L'Histoire est-elle destinée à se répéter ?

L'Histoire est-elle un éternel recommencement ?


C'est à ces questions que Todd Strasser essaie de répondre dans La Vague.


Pour faire comprendre à ses élèves l'horreur nazie, un professeur d'histoire tente dans sa classe une expérience terrifiante : la Vague. Au lycée Gordon, il y aura un avant et un après la Vague.
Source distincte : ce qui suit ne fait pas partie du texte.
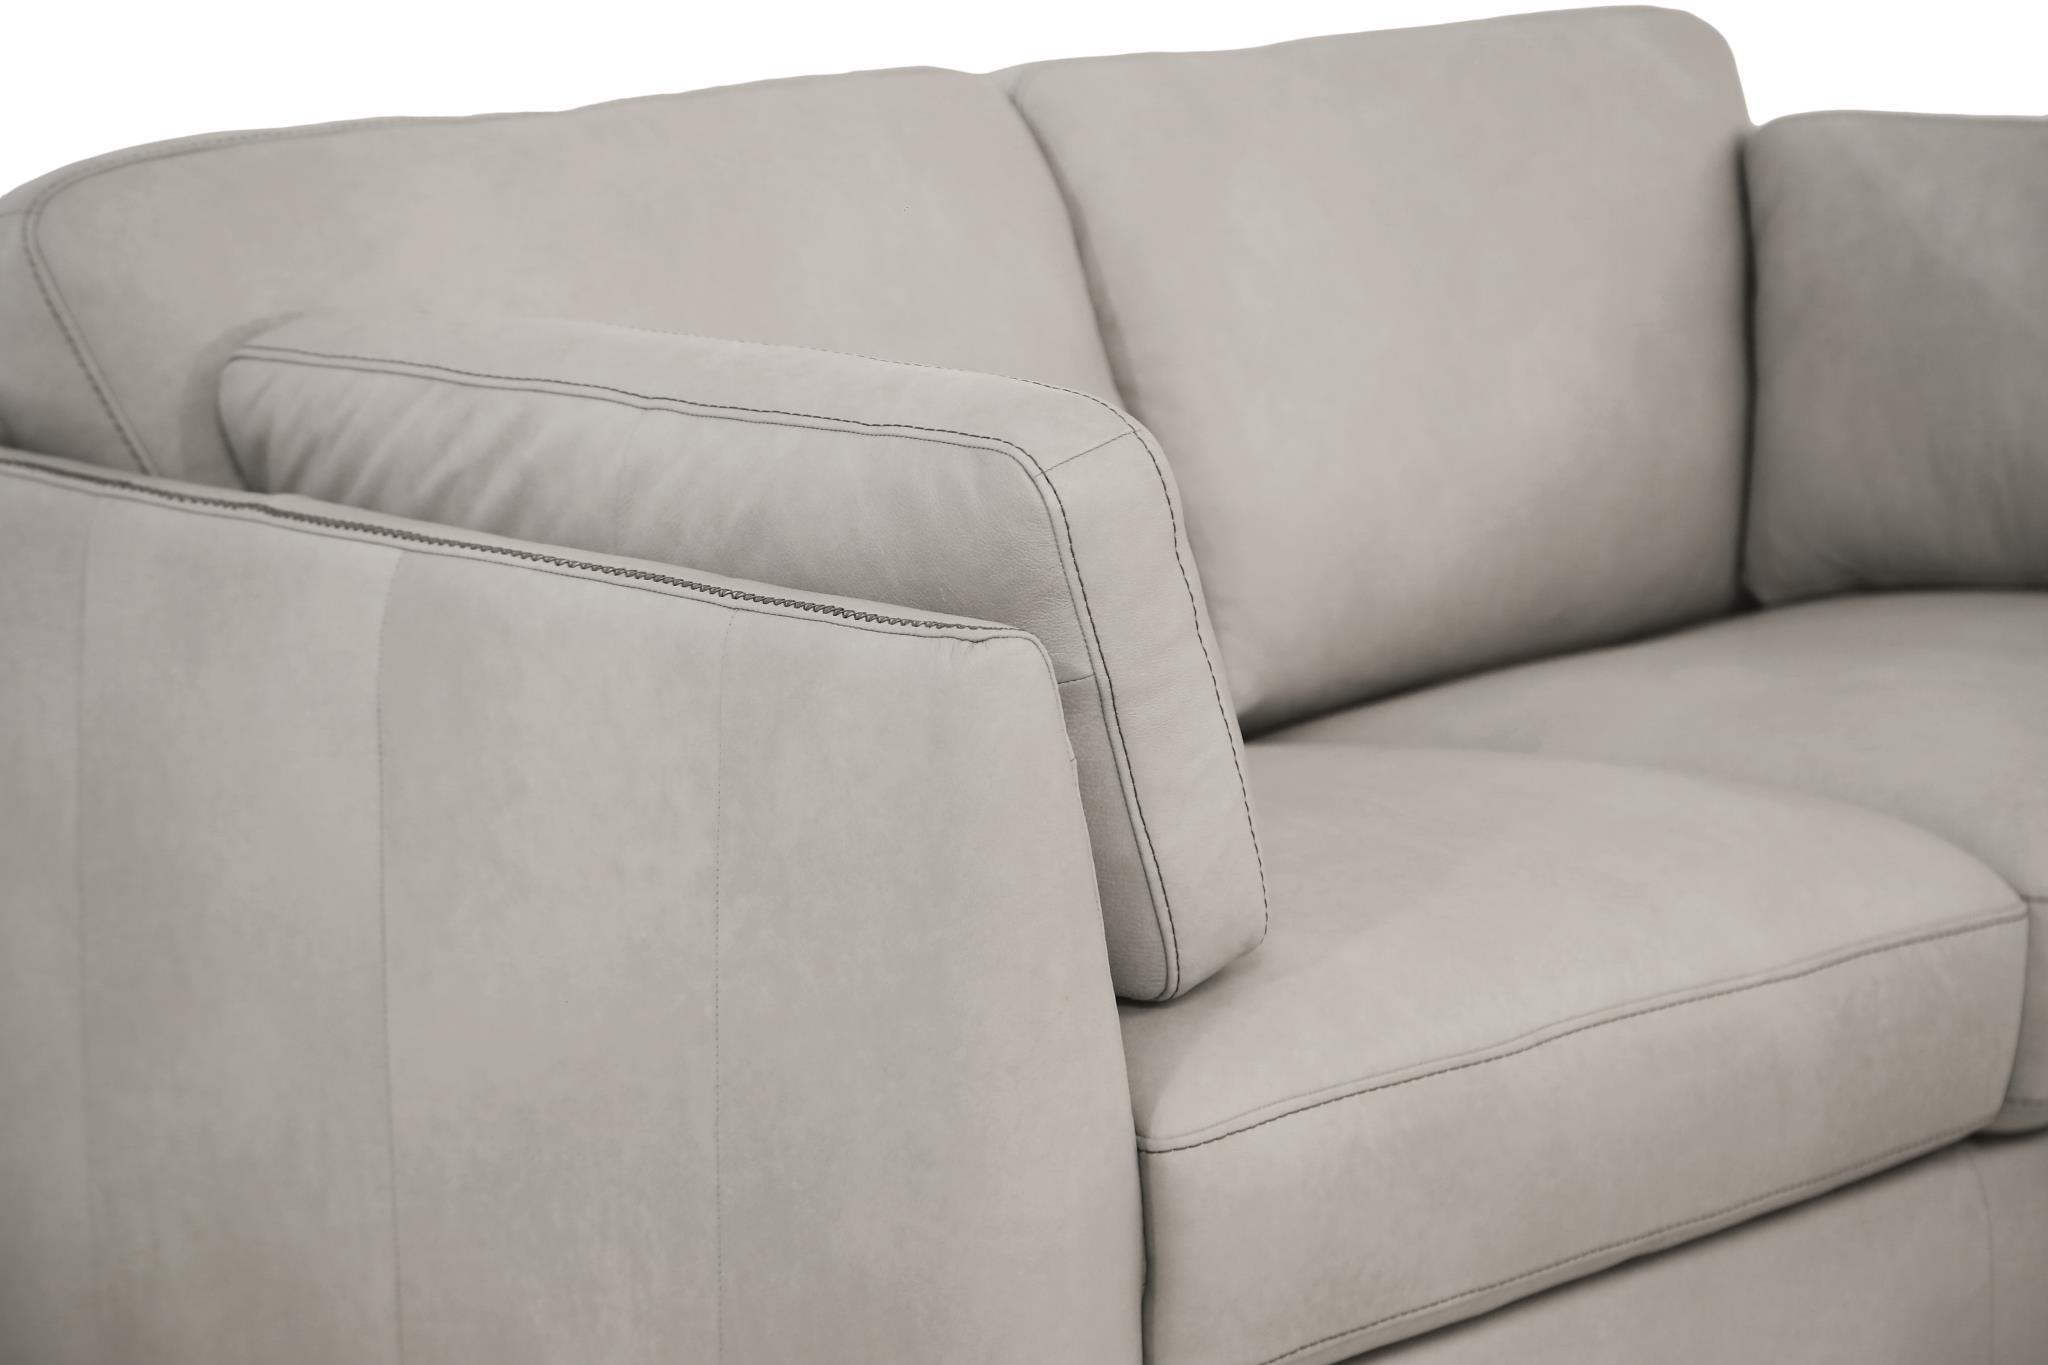 Dusty White Cushion Details

Inspirée d'une histoire vraie, le roman de Todd Strasser a été adapté au cinéma par Dennis Gansel.

 
« Ce best-seller, qui est devenu un manuel d'histoire en Allemagne et un film, souligne qu'il est facile de se transformer en petit fasciste du jour au lendemain. »

 

Mes impressions :

 

C’est plus comme un message, suffisamment fort que j’ai lu ce livre. L’écriture y est très simple. Les situations paraissent très exagérées mais à bien y réfléchir pourquoi pas. Lorsqu’une situation est poussée à un point frôlant l’absurde, les réactions arrivent bien souvent au même niveau.

Un livre qui nous met face à notre réalité.

Je trouve juste dommage qu’il n’ait pas été plus complet autour de ce sujet mais comme je le dis un peu plus haut, j’ai plus considéré ce livre comme un message. Son écriture et sa simplicité veulent certainement s’adresser au plus grand nombre.